──────── Data section

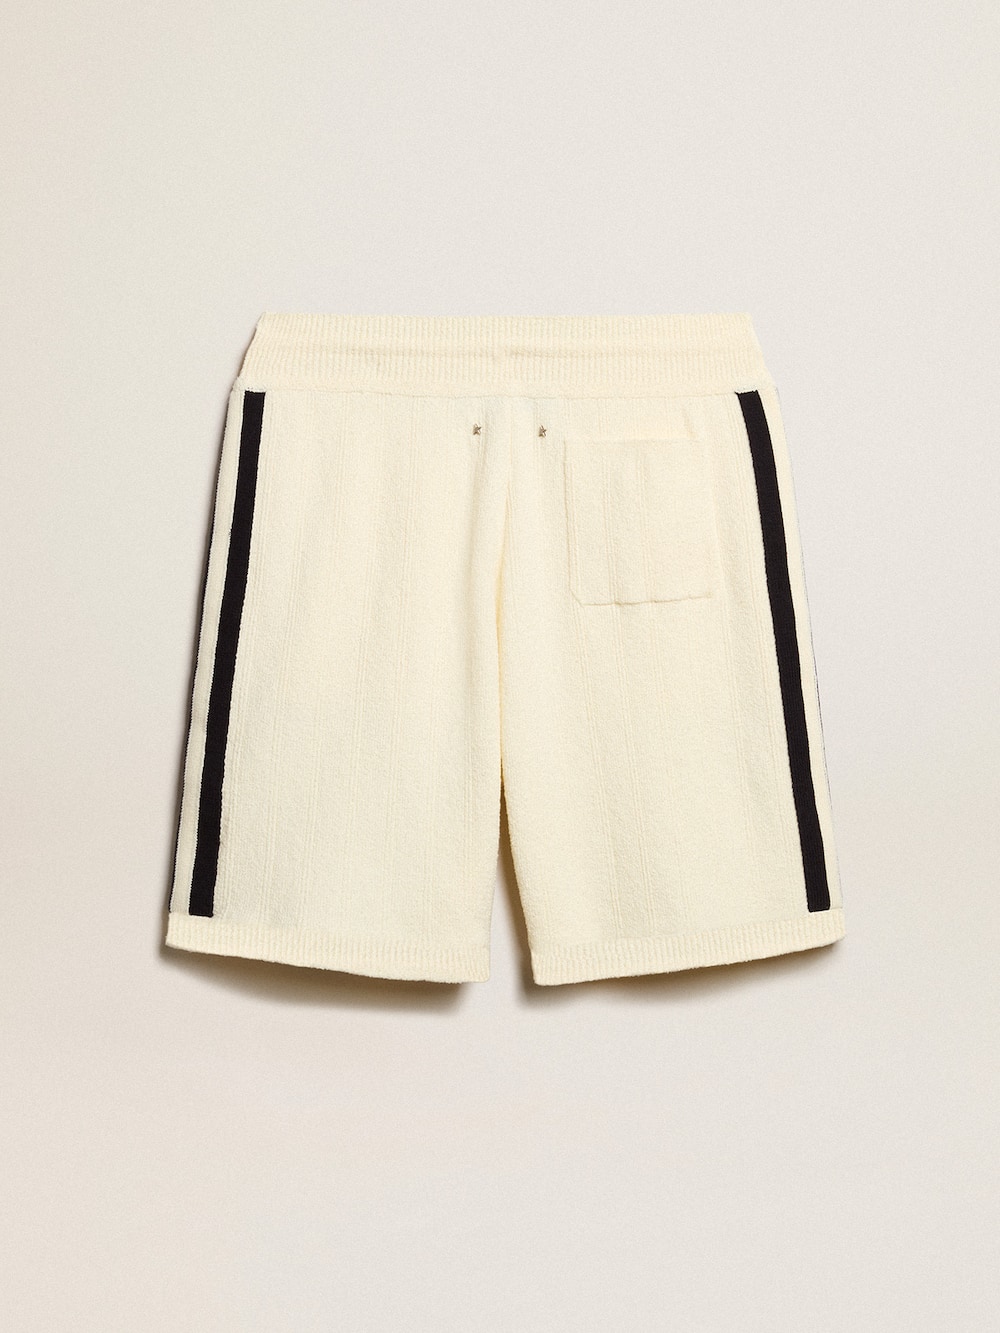 Golden Goose - Pantalón corto de hombre color blanco antiguo con tejido acanalado azul en los lados in 
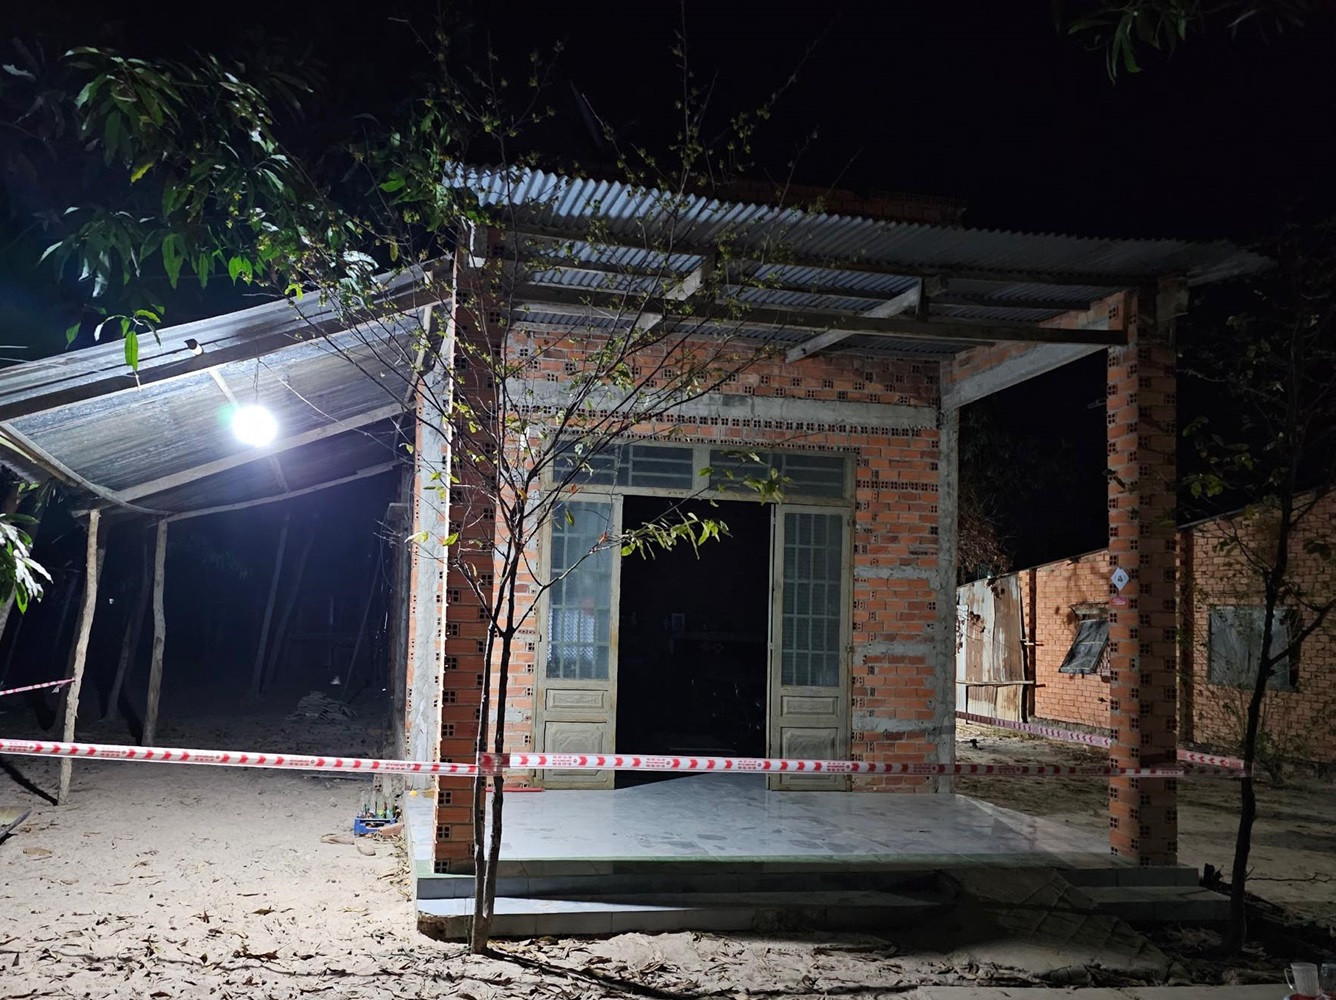  Căn nhà nơi bé V tử vong - Ảnh: VietNamNet
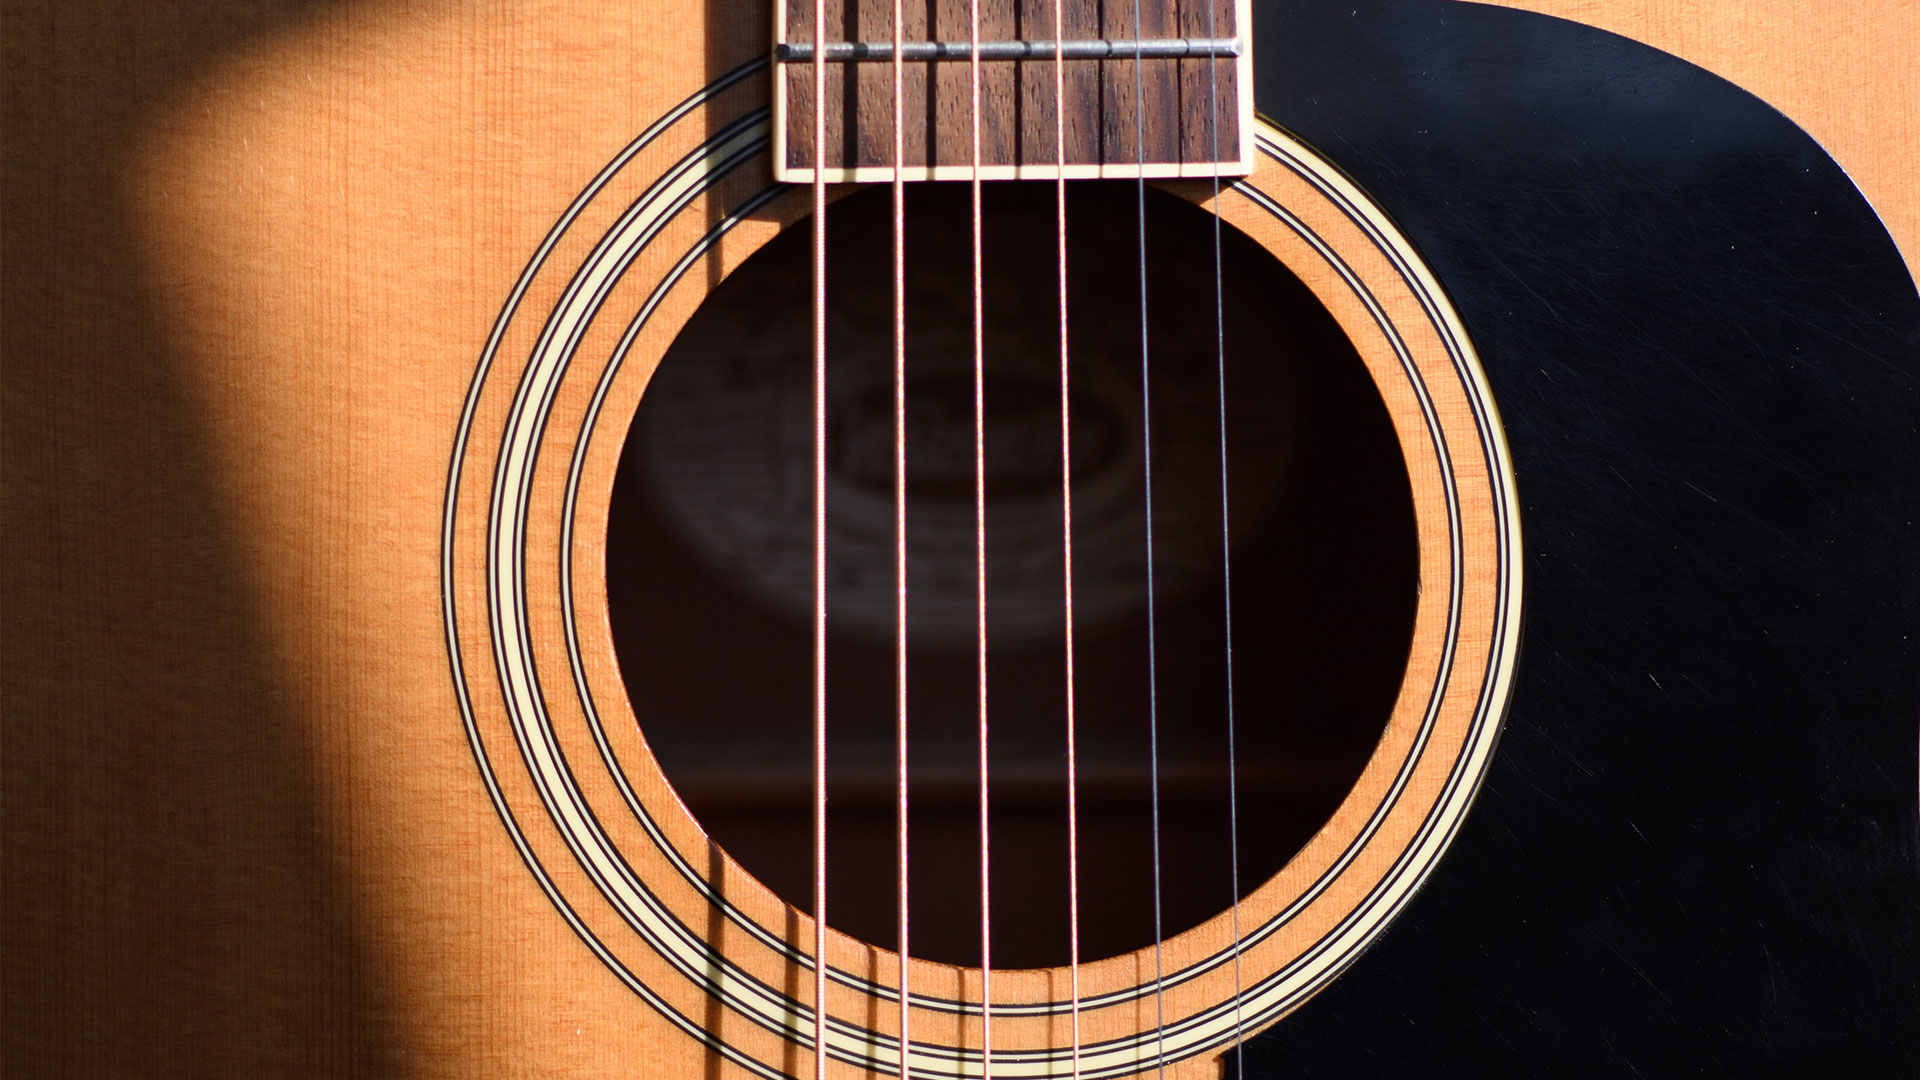 guitar close up

────────────────

Print every line of the material above exactly as it reads, skipping the pictures.

Task result:
 Golden Goose - Pantalón corto de hombre color blanco antiguo con tejido acanalado azul en los lados in 
  Căn nhà nơi bé V tử vong - Ảnh: VietNamNet
 guitar close up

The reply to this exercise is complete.